Threaded Mode | Linear Mode

Namir · 05-31-2018, 12:48 PM

The root-seeking Bisection method is the simplest, slowest, but very reliable algorithm for finding the root of a function. The method is know for choosing a refined guess value in the middle of the root-bracketing interval (A, B). The refined root is calculated using:

C = (A + B) / 2

The value of C replaces either A or B, based of matching function signs.

I wrote a paper (click here) that looks at the above equation in more general terms:

C = (w1 * A + w2 * B) / (w1 + w2)

The paper explores using different combinations of w1 and w2 and how most of these combinations can reduce the number of iterations needed to reach a refined guess for the root at a specific tolerance value.

Some people just won't leave "well-enough" alone :-)

Namir

Claudio L. · 05-31-2018, 07:25 PM

(05-31-2018 12:48 PM)Namir Wrote: C = (w1 * A + w2 * B) / (w1 + w2)

The paper explores using different combinations of w1 and w2 and how most of these combinations can reduce the number of iterations needed to reach a refined guess for the root at a specific tolerance value.

Why did you choose w1+w2 as the parameter instead of w1/w2?

The equation transforms easily:

w2* ( w1/w2 * A + B ) / ( w2 * (1+w1/w2)) = ((w1/w2)*A+B) / (1+w1/w2)

Now this last expression reflects what you are doing much better: you fix the weight on one point to 1 (B in this case) and choose some ratio to determine the other weight (in your paper, you chose p=1+w1/w2 as the parameter and w1/w2= p-1). I think the w1/w2 ratio could give a better sense of calibration: when set to 1 it's the traditional bisection, and the point is at the center of A and B, when set to zero, it moves the "chosen" new point all the way to B, and any values in between will move it from the center to B progressively. Values >1 would move it in the opposite way, with +Inf moving it all the way to A.
The results would depend on the function you are studying, the "ideal" value, assuming the function is close to a straight line would be to use the magnitude of the functions at A and B as the parameters, effectively turning bisection into linear interpolation.

A final observation: it took me a while (not so clear on the paper) to visualize why it would be an improvement at all. Turns out your paper is apparently using a "fixed" ratio but it's not, since you are applying the weight of 1 to the point where the function has the smallest absolute value, so you are shifting the chosen point closer to that point, every time, effectively using a pair of ratios, not only one, and choosing the best of the two each time. The improvement to the method comes more from that decision than from the actual ratio you use.

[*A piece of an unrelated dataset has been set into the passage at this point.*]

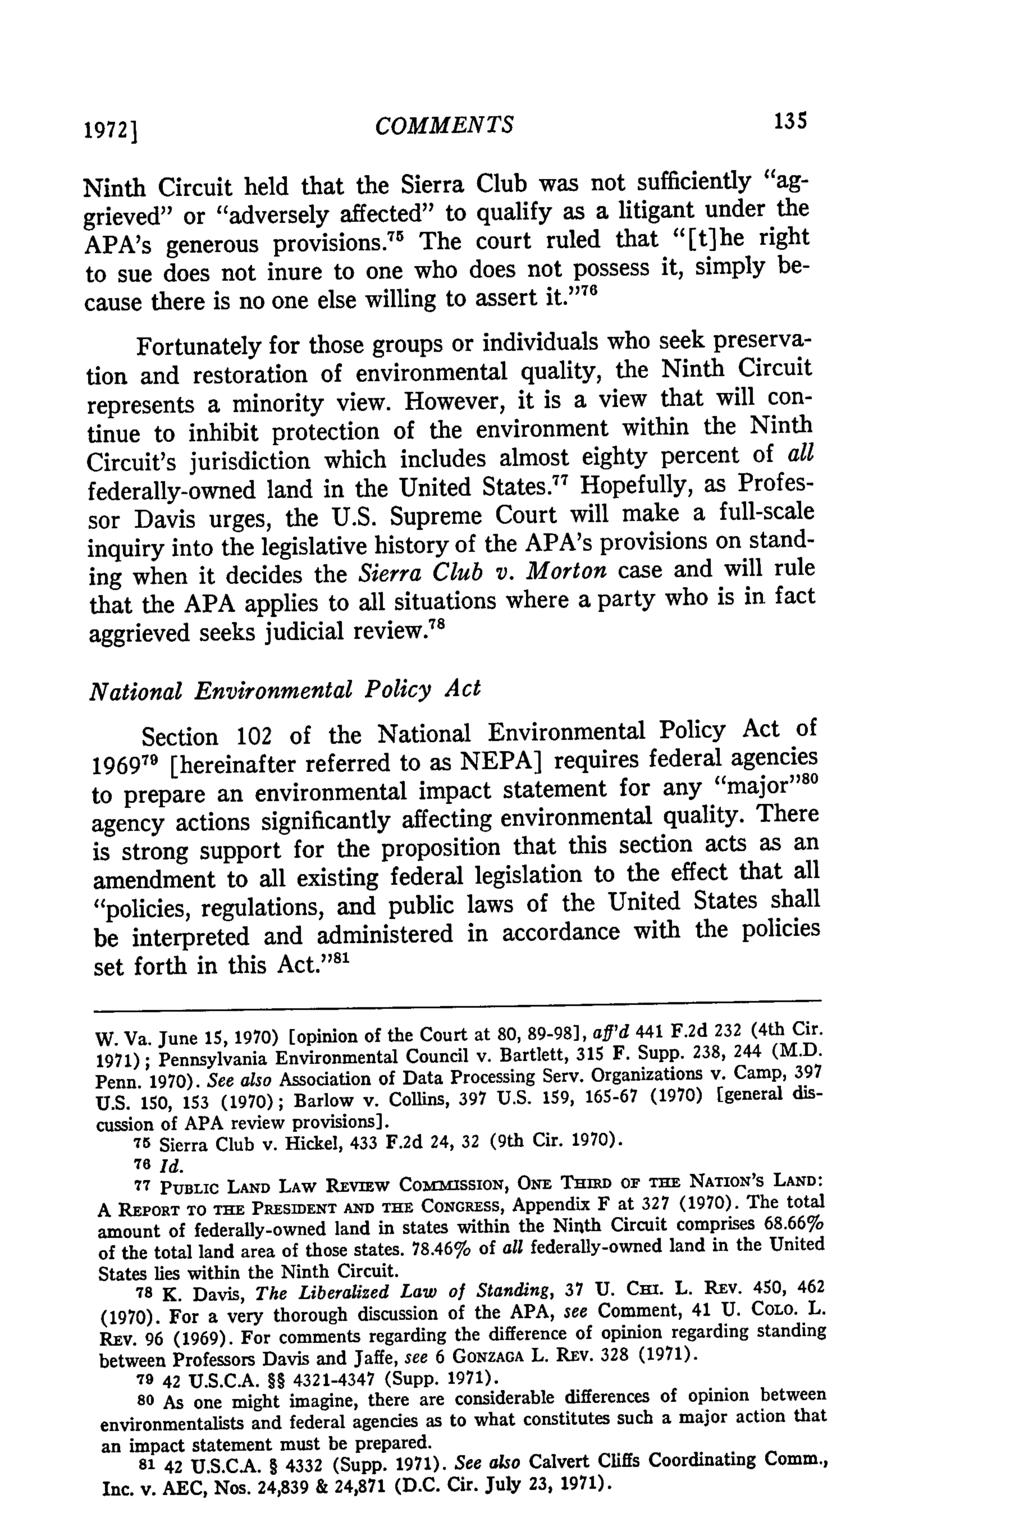 19721 COMMENTS Ninth Circuit held that the Sierra Club was not sufficiently "aggrieved" or "adversely affected" to qualify as a litigant under the APA's generous provisions.

ttw · 05-31-2018, 08:35 PM

There several demonstrations of the bisection method's optimality (over a suitable set of functions.)

https://cs.stackexchange.com/questions/7...ion-method

Two intuitive observations also indicate this: first, if the function f(x) and -f(x) are equally likely, then going either way is equivalent. Second, when dividing an interval into two parts, the longer part is "more likely" (in some sense) to contain the root or any other part of interest.

If you know something about the function, it's possible to do better. It's not obvious if there is a learning procedure that works often enough to be useful. The "no free lunch" theorem points out that methods good for one particular subset of functions will always have a set that they fail badly on.

Namir · 05-31-2018, 11:40 PM

(05-31-2018 07:25 PM)Claudio L. Wrote:
(05-31-2018 12:48 PM)Namir Wrote: C = (w1 * A + w2 * B) / (w1 + w2)

The paper explores using different combinations of w1 and w2 and how most of these combinations can reduce the number of iterations needed to reach a refined guess for the root at a specific tolerance value.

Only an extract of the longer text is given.